The porcelain factory in the village of Gorodnitsa (Horodnitsa) in the Volyn region was founded in 1799 by Prince Józef Czartoryski. The manufacture has gained fame thanks to the production of English-style faience. In 1813, after death of the last of this Czartoryski family branch, the estate was transferred to the Lubomirski princes. In 1856 Wacław Rulikowski purchased the estate. The new owner after visiting the most important European faience and porcelain factories, decided to expand the manufactory in Horodnica. In 1877 350 people worked here. Rulikowski undertook the investment over his financial capacity and eventually had to sell the factory in 1878. Two years later the plant burned down. In 1882 the factory was leased to A.F. Sussmann. Production was restored, but the company did not regained its former glory. In 1887 there was another A.F. Sussmann factory operating in Gorodnitsa.
After the October Revolution in 1917, the factory was nationalized. Large changes in the production process were introduced during industrialization. During World War II the factory was partially destroyed.
After the reconstruction, the plant cooperated closely with the Leningrad Institute of Porcelain and Earthenware. Thanks to this cooperation, many technological innovations have been introduced. The factory mostly produced here porcelain tableware and small porcelain figurines.
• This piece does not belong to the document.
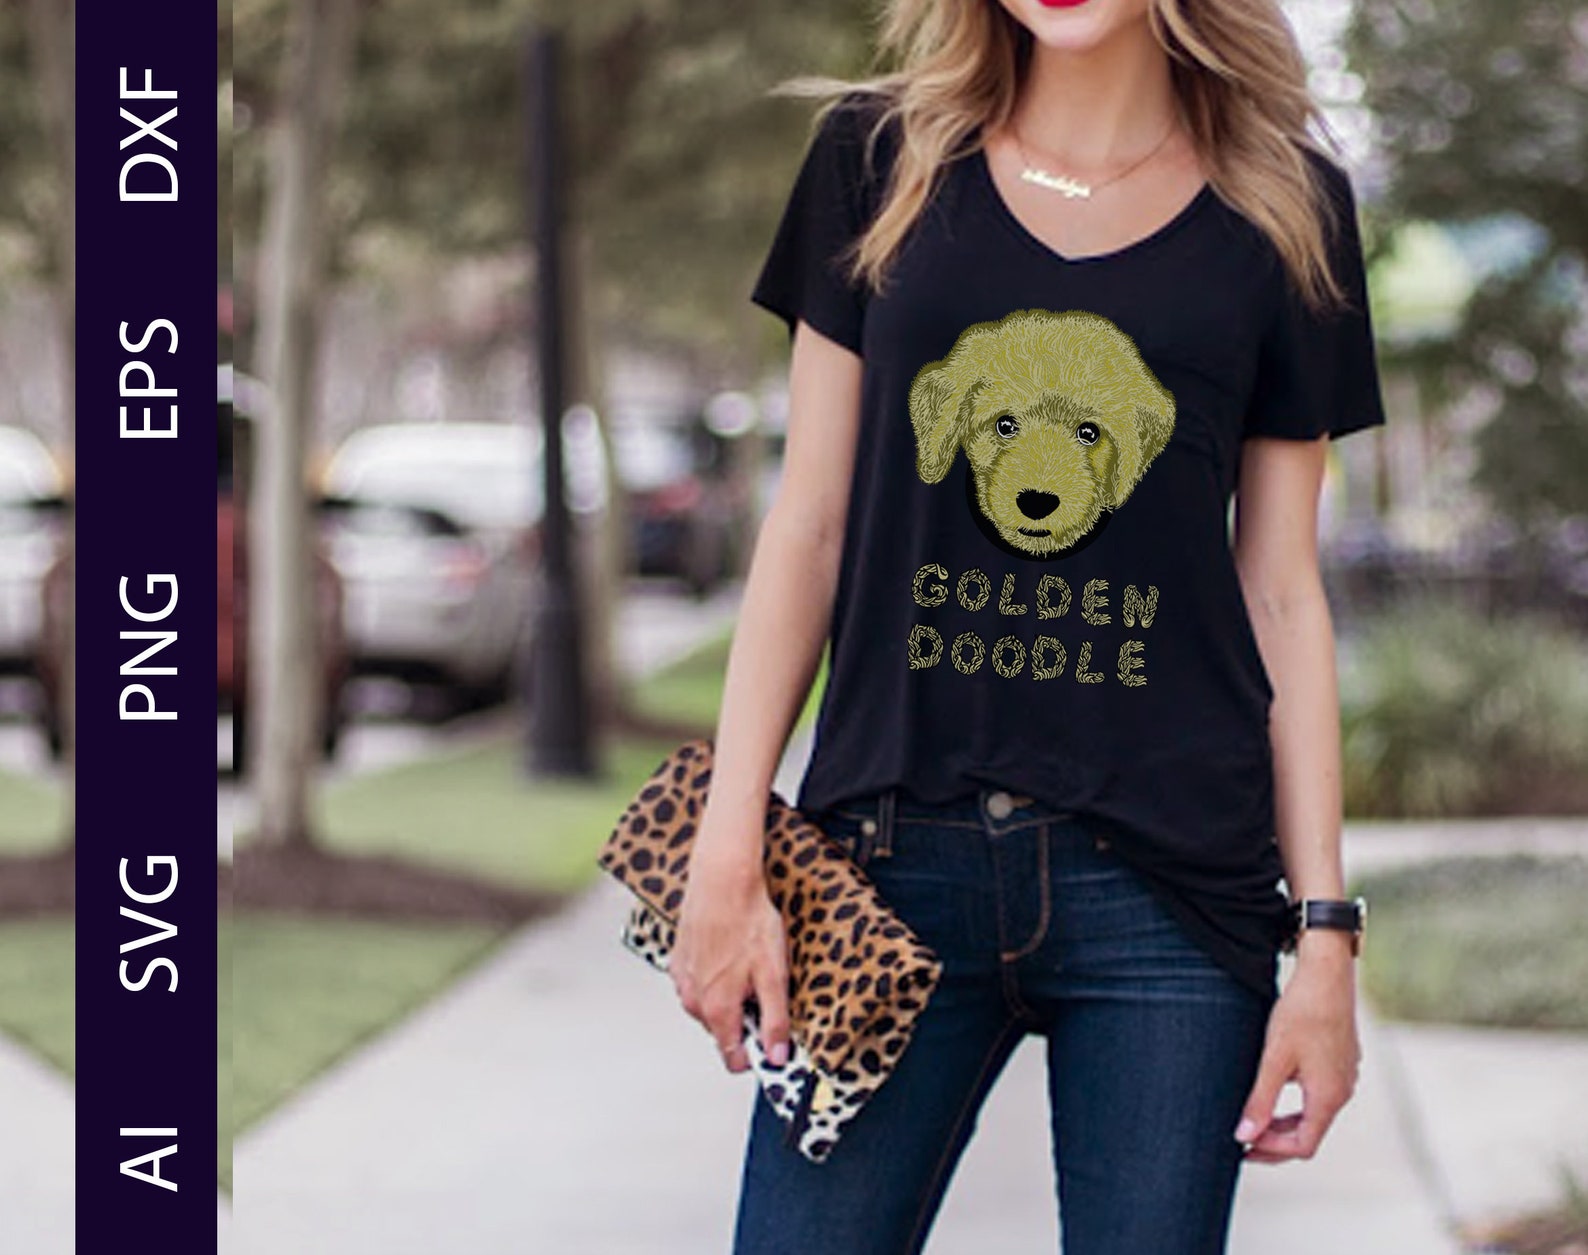 Goldendoodle SVG Dogs SVG Digital Instant Download Ai Eps - Etsy Hong Kong

In Soviet times it was one of the major porcelain manufacturers in the USSR, and its largest factory was in Gorodnitsa.
After Ukraine gained independence, the company was transformed into enterprise owned by employees. Ukraine's accession to the WTO in 2008 resulted in the influx of cheaper porcelain from abroad. Production stopped in 2008 and two years later the bankruptcy procedure was started, which ended in 2012.
Horodnitsa porcelain stylized deer blue (second quality) mark used since 1970s.